3 Screenwriting Lessons Even Professionals Forget in Their First Drafts
You've heard it time and time again, but all writing is rewriting. I know that sounds annoying to read for the umpteenth time, but that's how the craft goes.
My goal, as a pro, is to make my first draft so good that I don't have as much heavy lifting to do later. And guess what? That doesn't always work either.
But today I want to talk about the specific, craft-level stuff that slips through the cracks in first drafts, not because the writer doesn't know better, but because they forgot. Or got excited. Or pushed through a scene they should have stopped and questioned.
This is the stuff that happens to me all the time, and I want to share some of the things I've learned with you.
Let's dive in.
1. You're Writing Toward the Ending You Imagined, Not the One the Story Earned
Here's something nobody talks about enough: most writers know their ending before they know their story. I know the only way I can start a draft is if I know how it ends first.
That's usually a good thing, but being rigid in storytelling can be a bad thing.
The result is a script that technically arrives at its destination but doesn't feel like it traveled anywhere because you had a preconceived notion of where you wanted to type Fade Out.
The first draft should be about those wild swings and taking chances. Sometimes, those things can unlock something great for you.
Experienced writers fall into this just as often as beginners. The difference is that beginners don't always know why the draft feels off. Professionals usually do, they just don't want to admit that the ending they've been protecting for three months might be the problem.
The fix isn't complicated, but it takes nerve.
At some point in the revision process, you have to be willing to look at your ending and ask: "D id my characters actually get here, or did I just drag them?"
If you dragged them, then it's time to rework and maybe do another outline to discover where you think they should be now.
'Spy' Credit: Sony
2. Every Scene Is Doing One Job When It Should Be Doing Two
Okay, this was a funny one to work out, because I think it's a little hyperbolic, but bear with me. The default mode in a first draft is functional scenes. You want them to exist because something needs to happen. The exposition needs to land. The two characters need to meet. The protagonist needs to find the clue.
Fine. But a scene that only does one thing is, at best, a placeholder.
The scenes that actually work and that make your screenplay sing are the ones readers and audiences remember. They are pulling double or triple duty.
Plot is moving and character is shifting and the relationship between two people is changing in some small but irreversible way.
So when you look back at your draft and see a stretch of scenes that are each doing exactly one thing, that's where the pacing dies.

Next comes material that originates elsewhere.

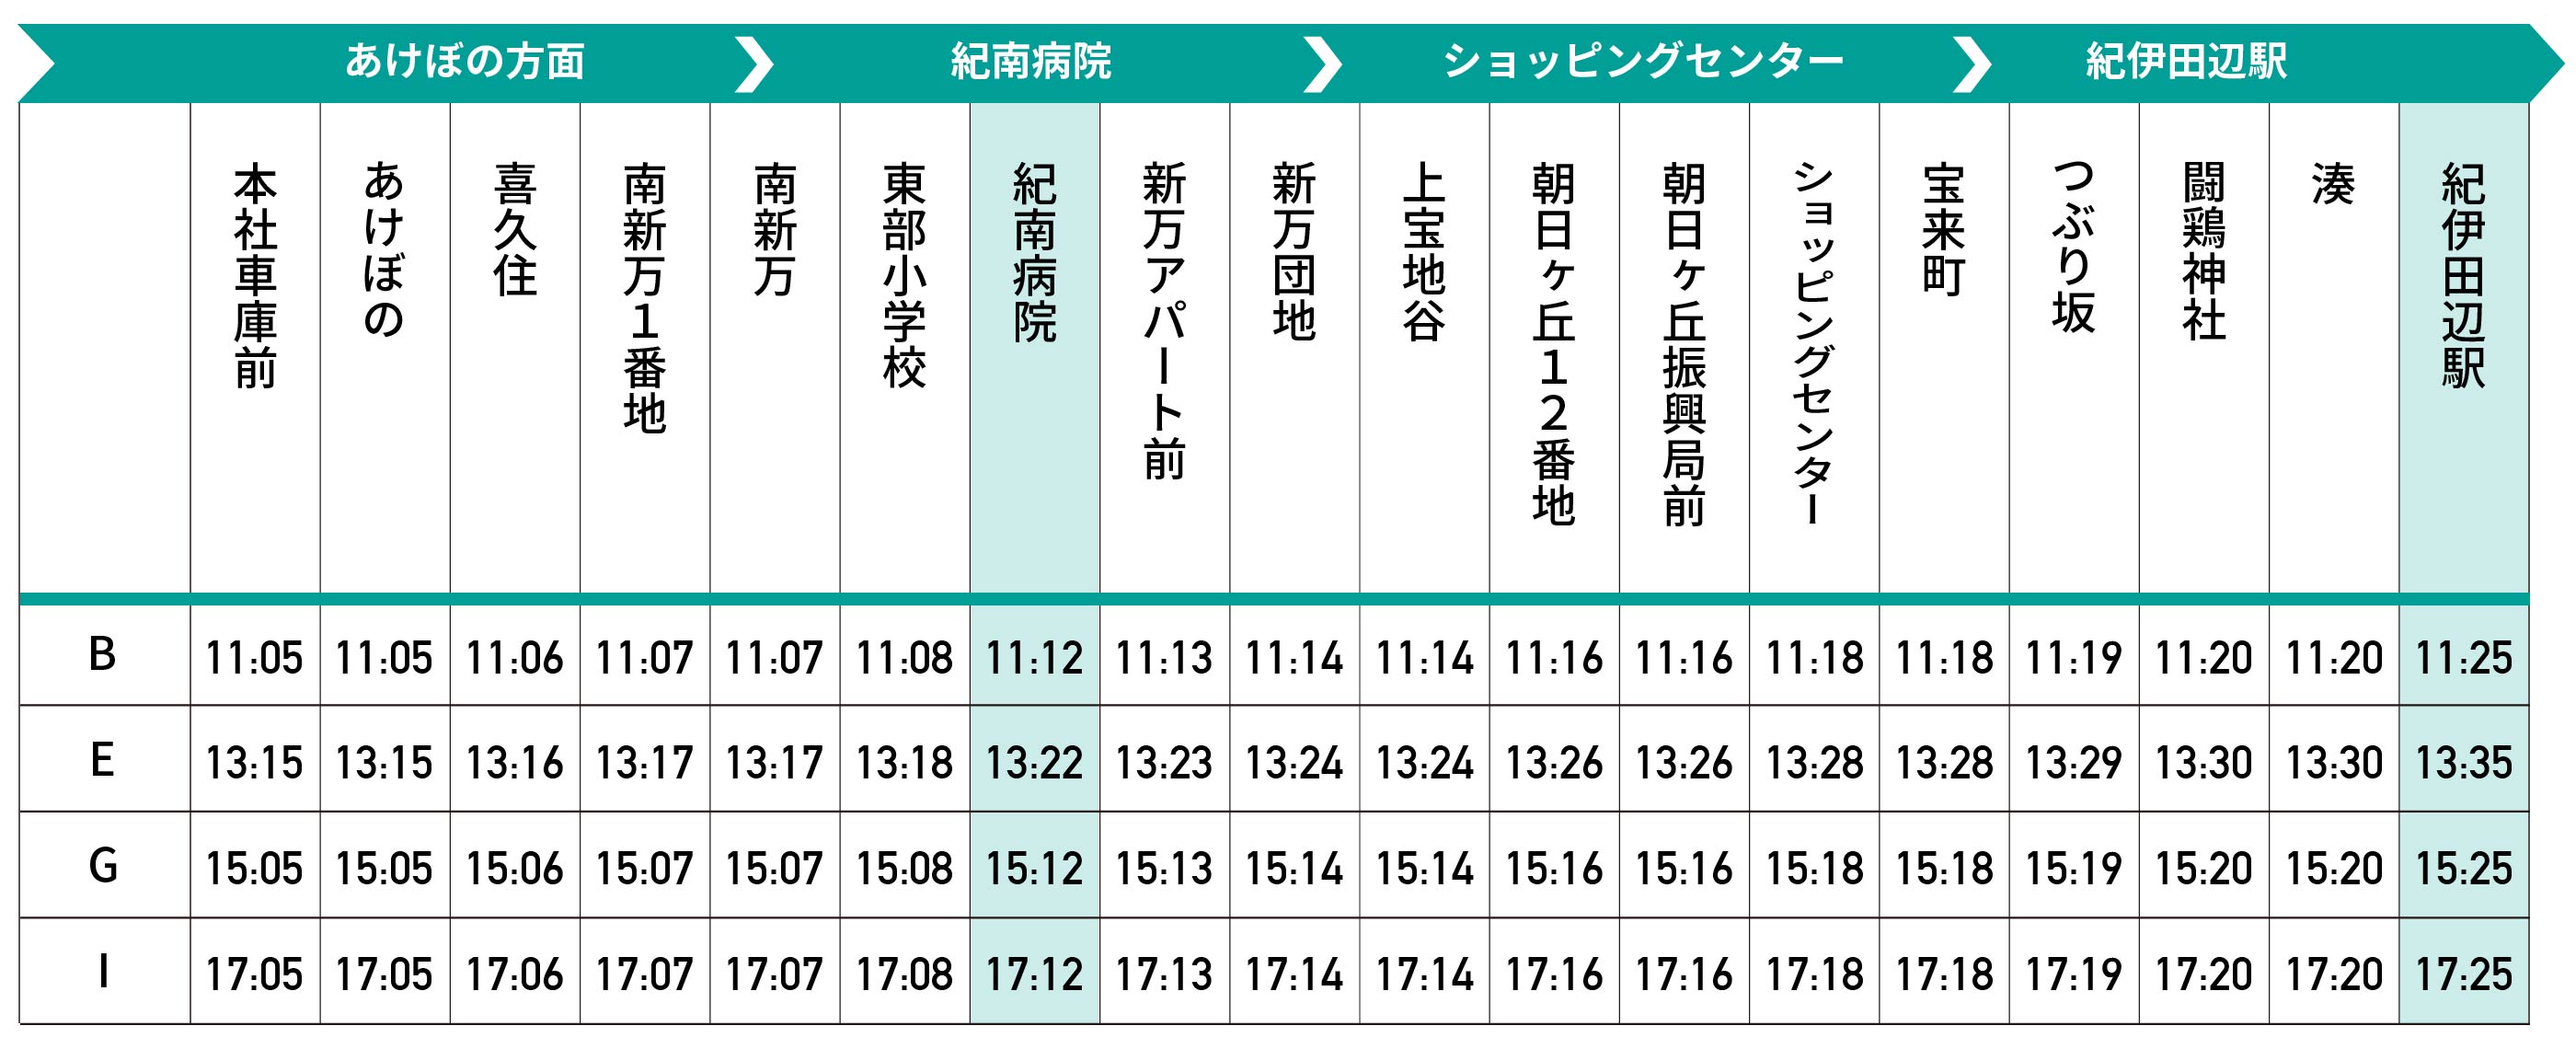 紀南病院、あけぼの方面、ショッピングセンター、紀伊田辺駅時刻表

How can you make these scenes do multiple things for you?
It all boils down to what you think changes in these scenes. Not just in the story, but in the people. If the answer is "nothing, really, it just moves the plot forward," that scene is either underwritten or it doesn't belong there.
See what else you can put in its place or cut it entirely.

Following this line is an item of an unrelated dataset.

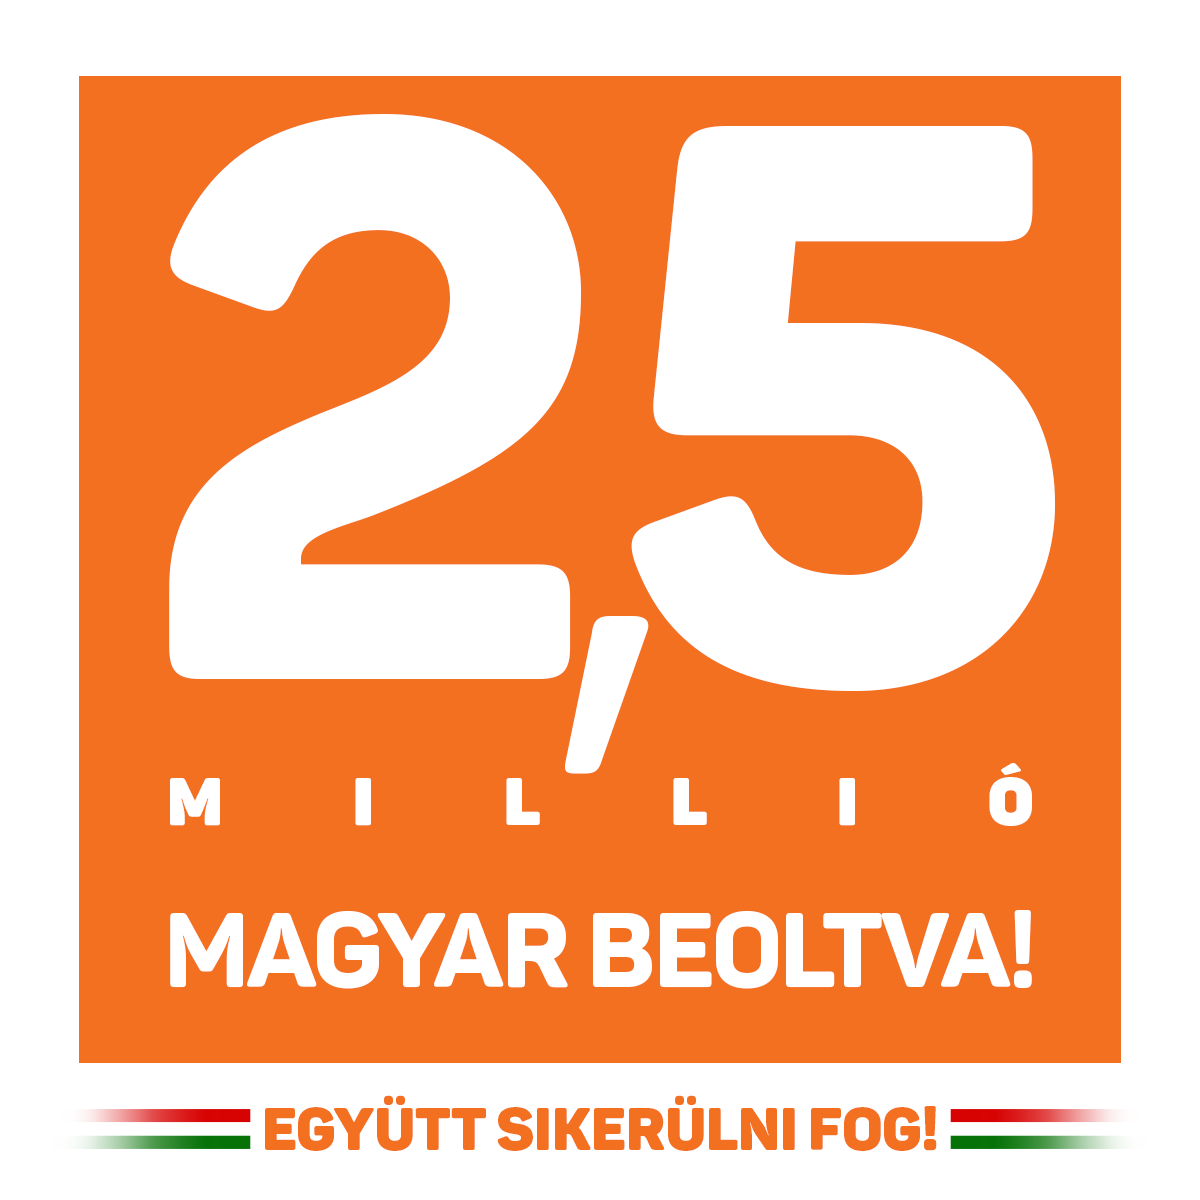 Orbán Viktor – A mai napon fontos mérföldkőhöz érkeztünk: 2,5 millió honfitársunk beoltva.

'Sinners' Credit: Warner Bros.
3. Dialogue Is Always the Last Problem
This one is almost universal.
When something feels wrong in a draft, writers reach for the lines. They tighten. They punch up. They rework the rhythm of the scenes in front of them.

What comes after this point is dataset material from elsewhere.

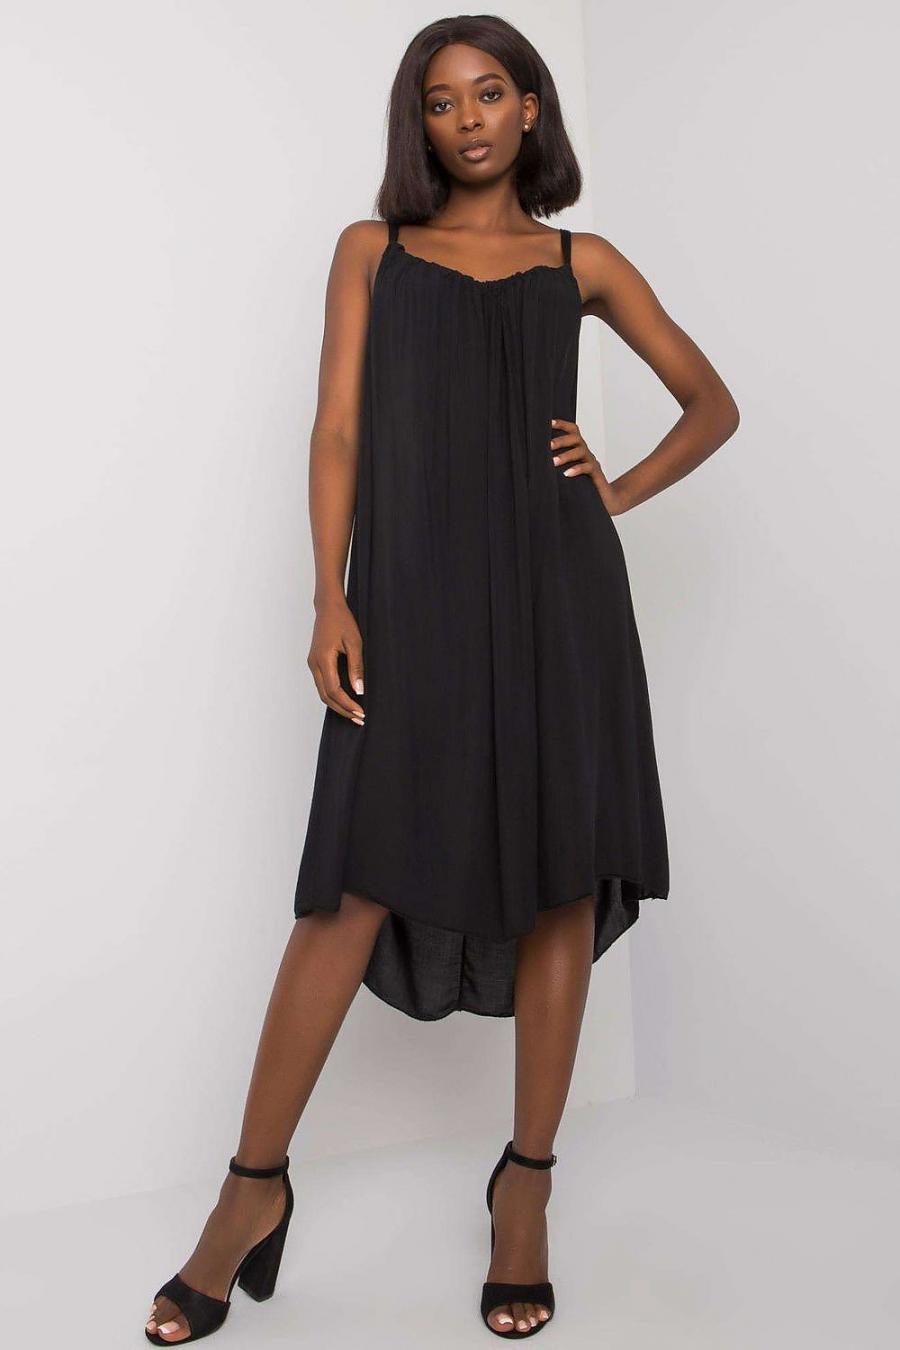 Ostatní značky šaty dámské 165030 - černá - velikost S

Bad dialogue is almost never a dialogue problem.
Here's what I mean...Clunky, on-the-nose, or flat dialogue is almost always a symptom of something else. Maybe it's that a scene doesn't need to exist, or it's a character whose motivation isn't clear enough to actually generate real conflict on the page, or a relationship that hasn't been properly established before this moment.
That's why the dialogue that shows up makes no sense or just reads poorly.
If two characters are saying what they mean in a scene where they should be talking around what they mean, then you probably have a structural problem.
No amount of line-tweaking fixes that.
When you hit dialogue that isn't working, resist the urge to fix the words first. Ask why the scene isn't working. Nine times out of ten, that's where the real answer is, and it takes a lot more rewriting than just punching up the jokes.
'Pulp Fiction' Credit: Miramax
Summing It All Up
None of this is meant to make the first draft feel like a minefield. It's not. The first draft is still just about getting the story out.
But these are the traps worth keeping in mind as you write — because the writers who catch them early spend a lot less time in revision.